**Task details**
Would you transcribe the whole listing exactly, minus its pictures?

:: Given information

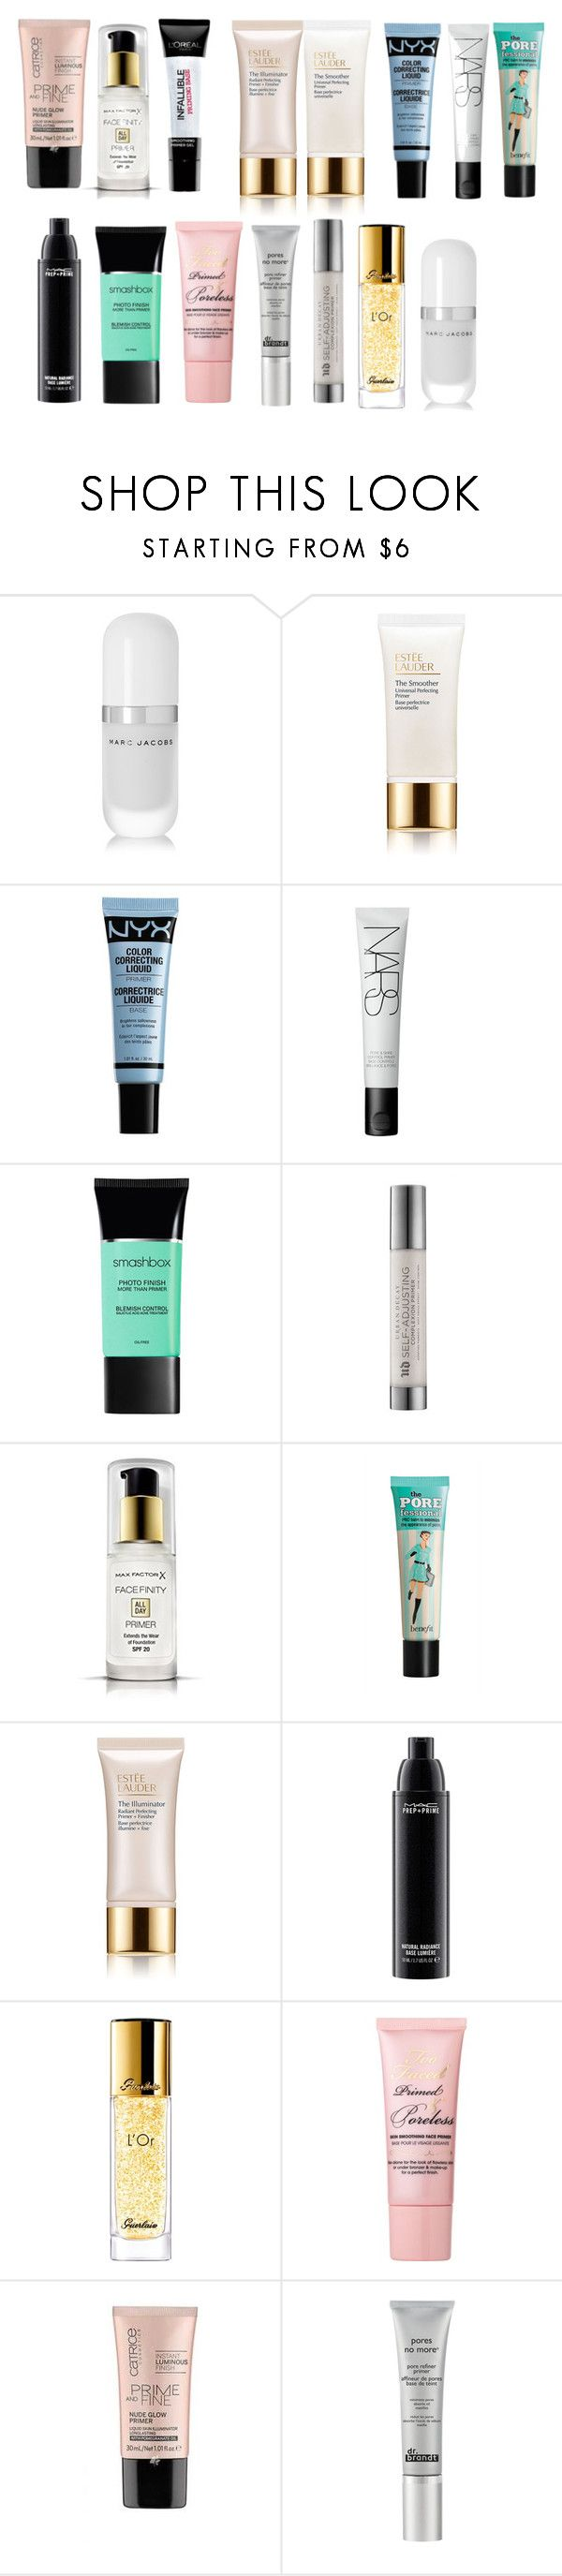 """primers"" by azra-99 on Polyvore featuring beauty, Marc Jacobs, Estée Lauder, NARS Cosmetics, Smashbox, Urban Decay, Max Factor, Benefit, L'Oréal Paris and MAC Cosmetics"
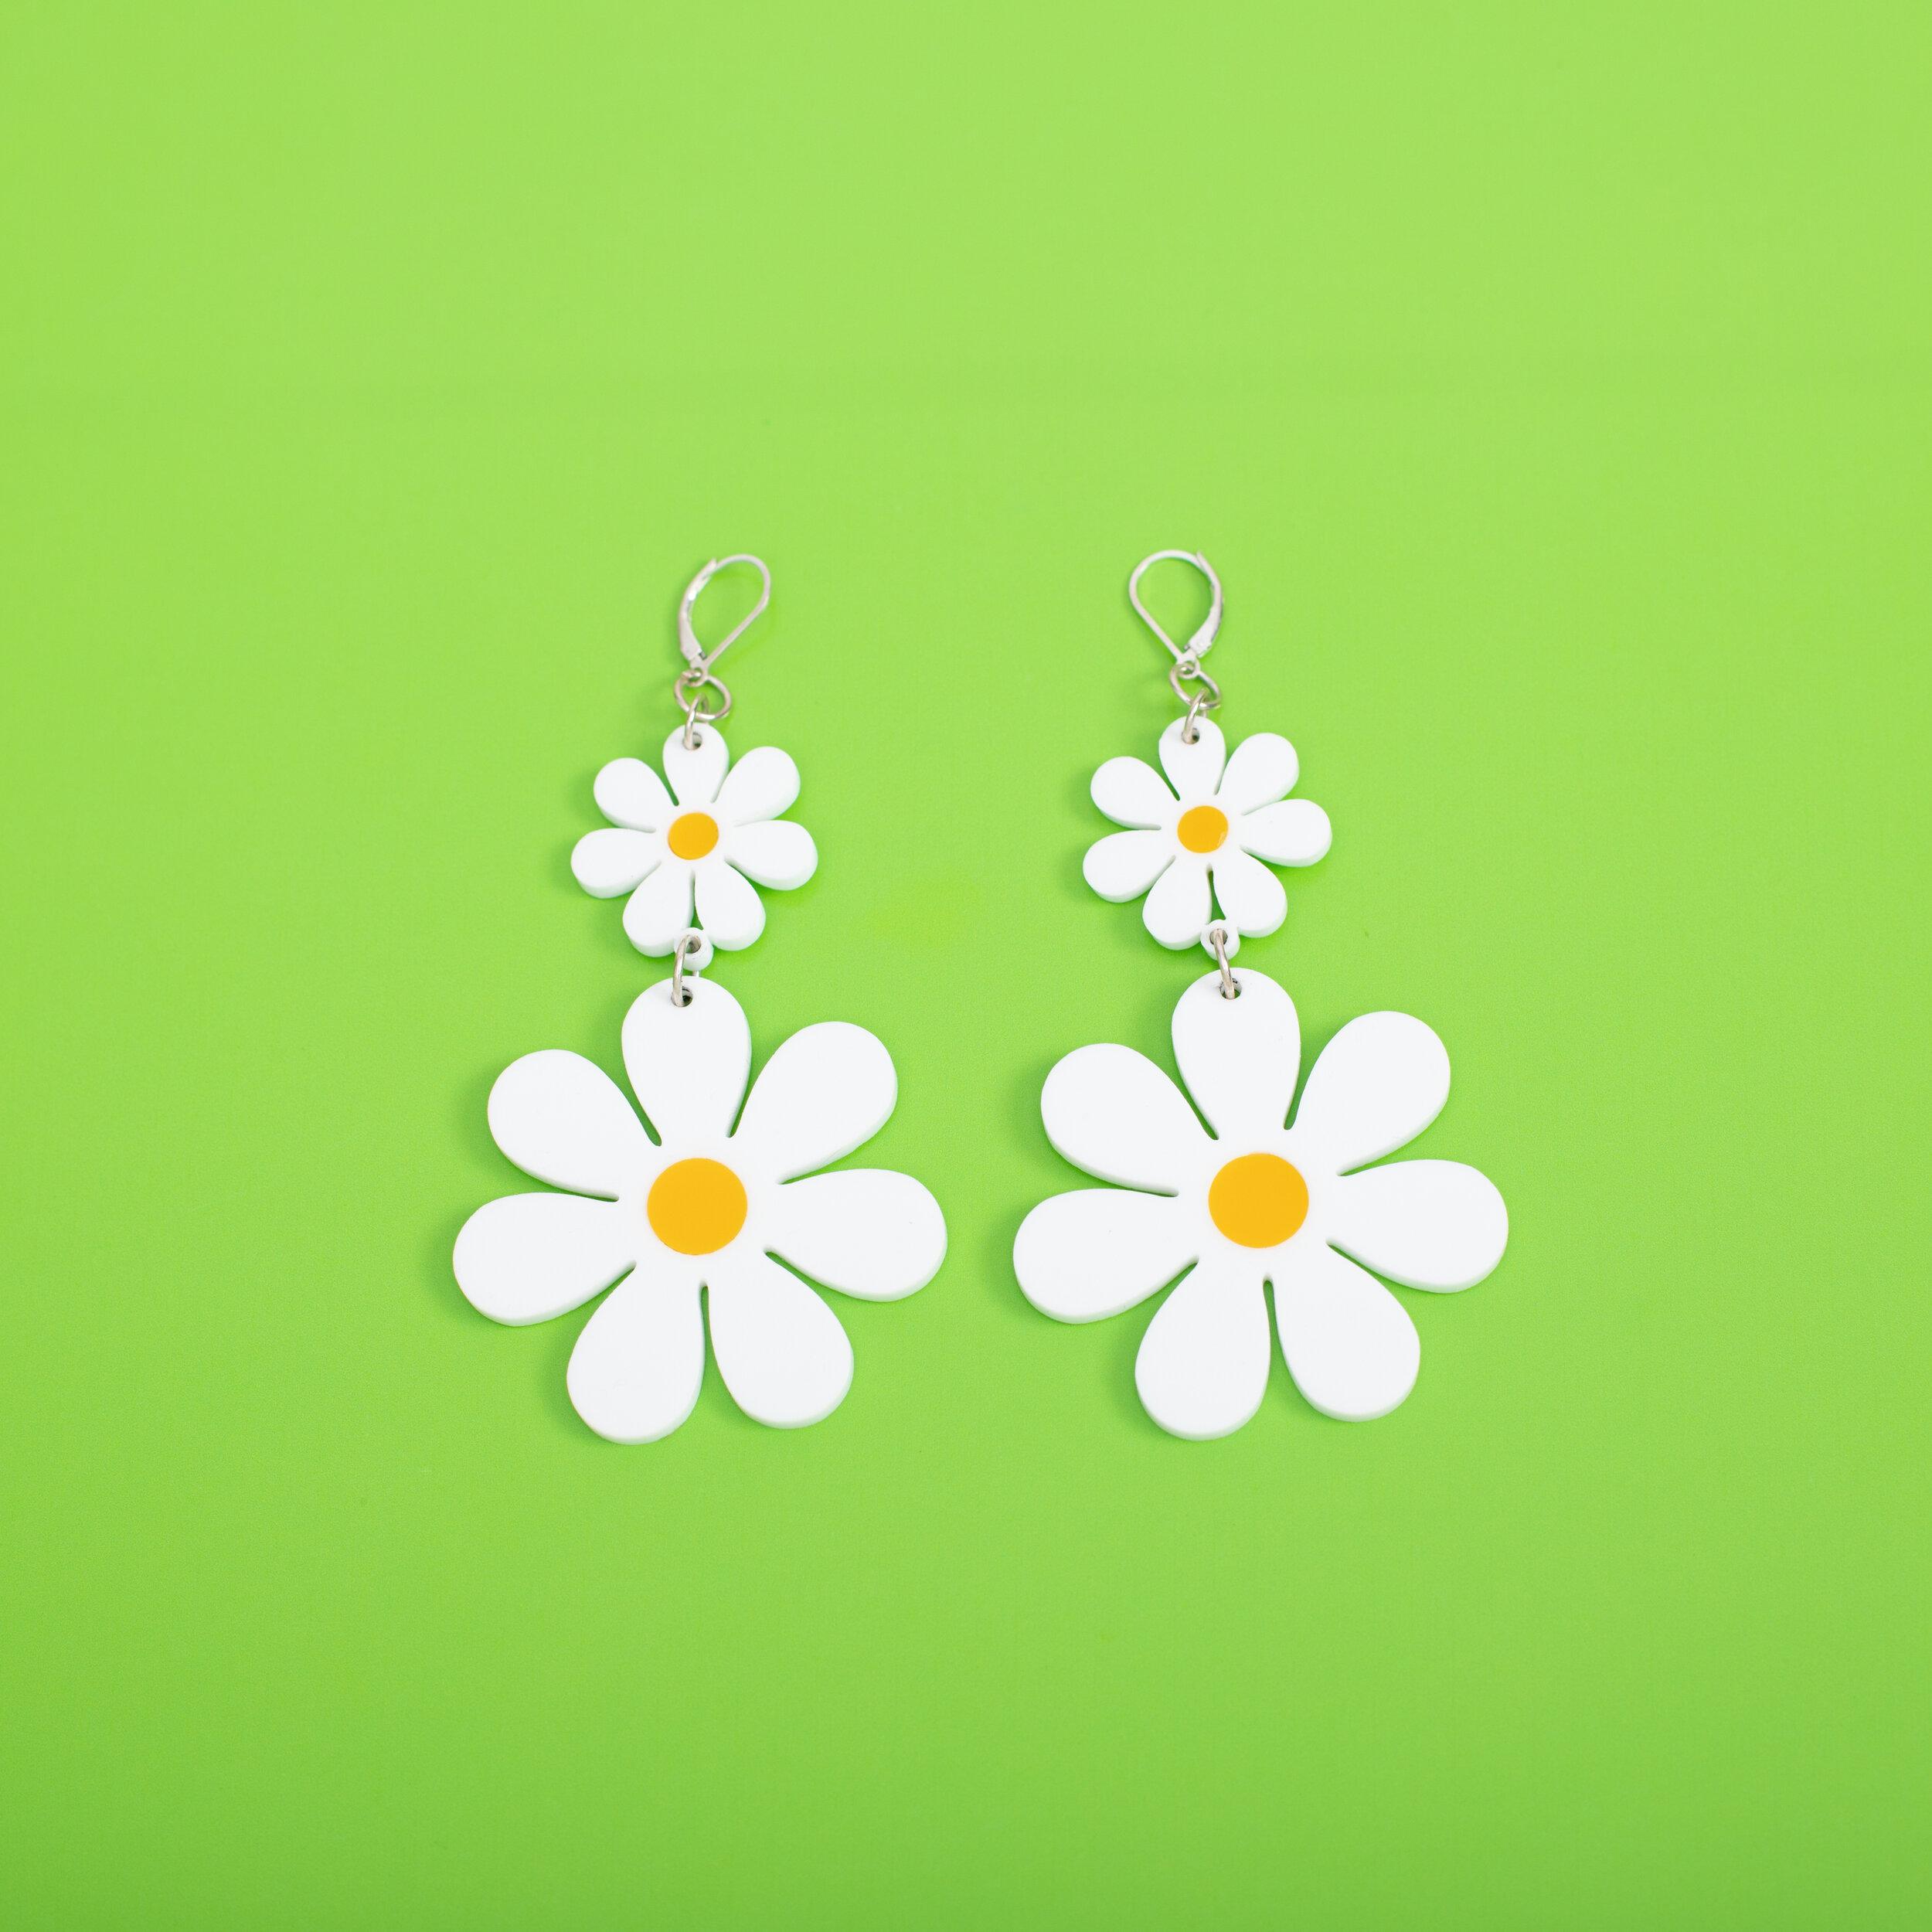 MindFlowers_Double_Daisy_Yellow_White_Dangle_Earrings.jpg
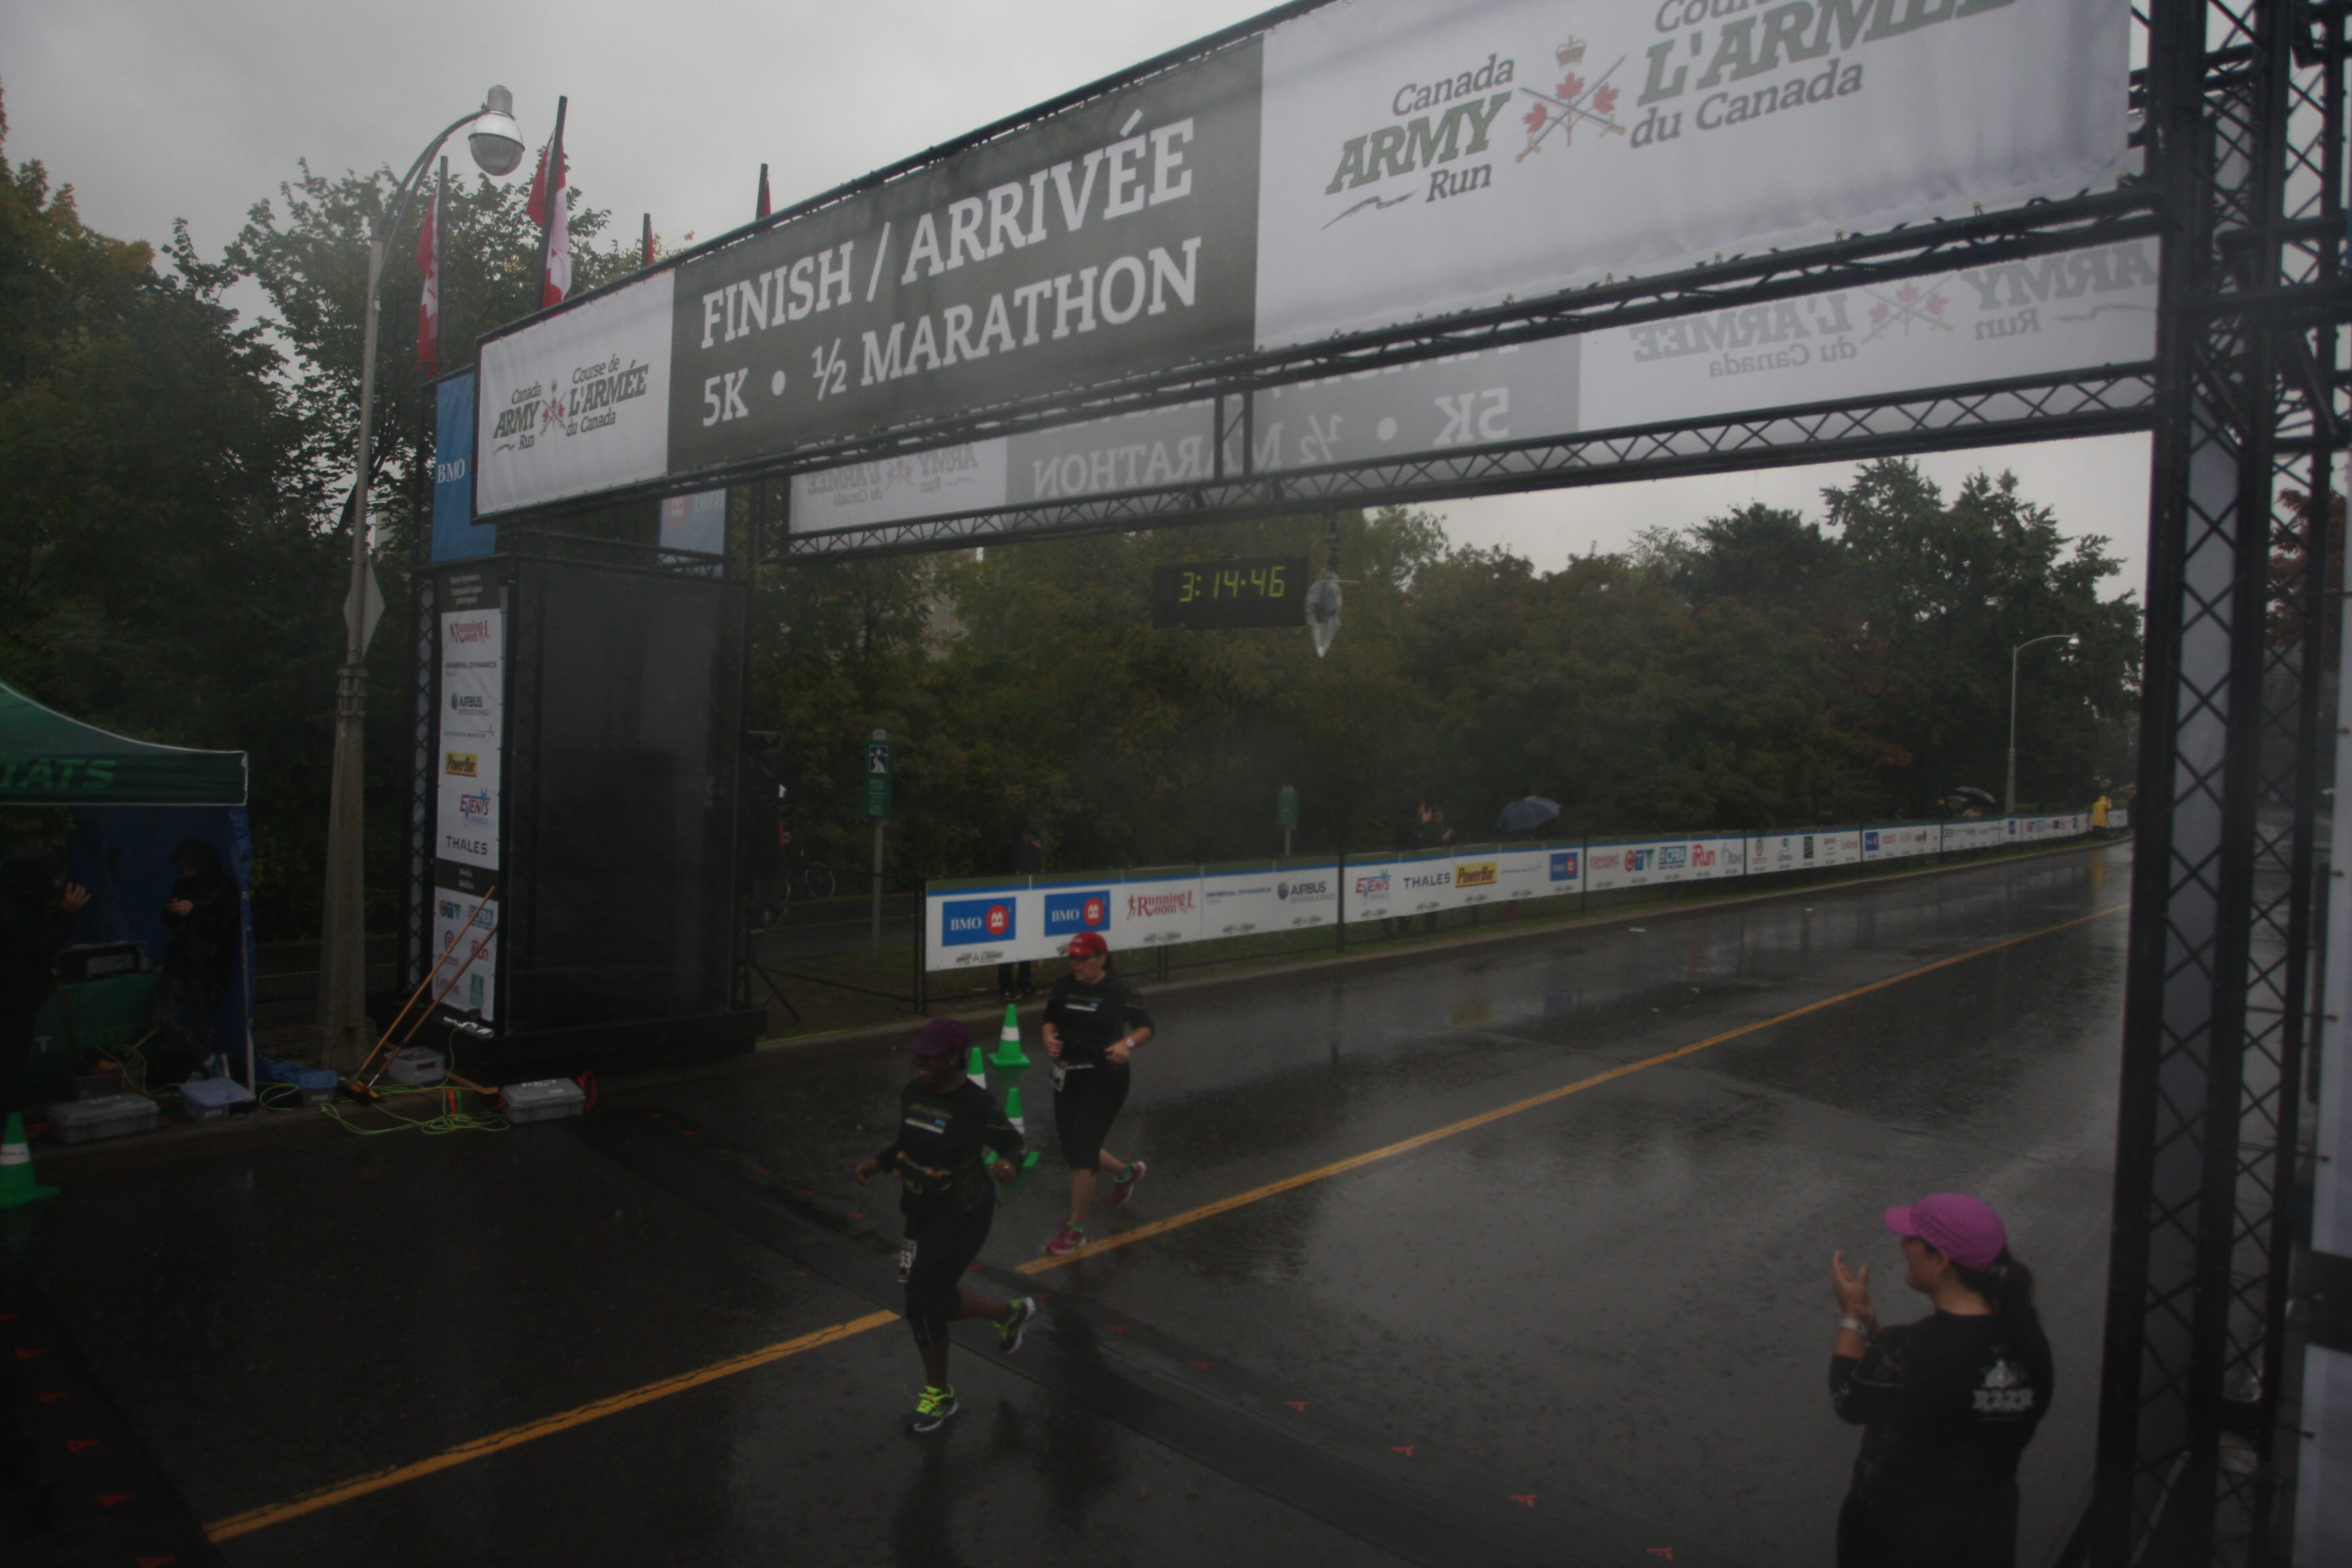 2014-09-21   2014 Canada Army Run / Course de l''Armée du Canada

::::

**Task solution**
 """primers"" by azra-99 on Polyvore featuring beauty, Marc Jacobs, Estée Lauder, NARS Cosmetics, Smashbox, Urban Decay, Max Factor, Benefit, L'Oréal Paris and MAC Cosmetics"
 MindFlowers_Double_Daisy_Yellow_White_Dangle_Earrings.jpg
 2014-09-21   2014 Canada Army Run / Course de l''Armée du Canada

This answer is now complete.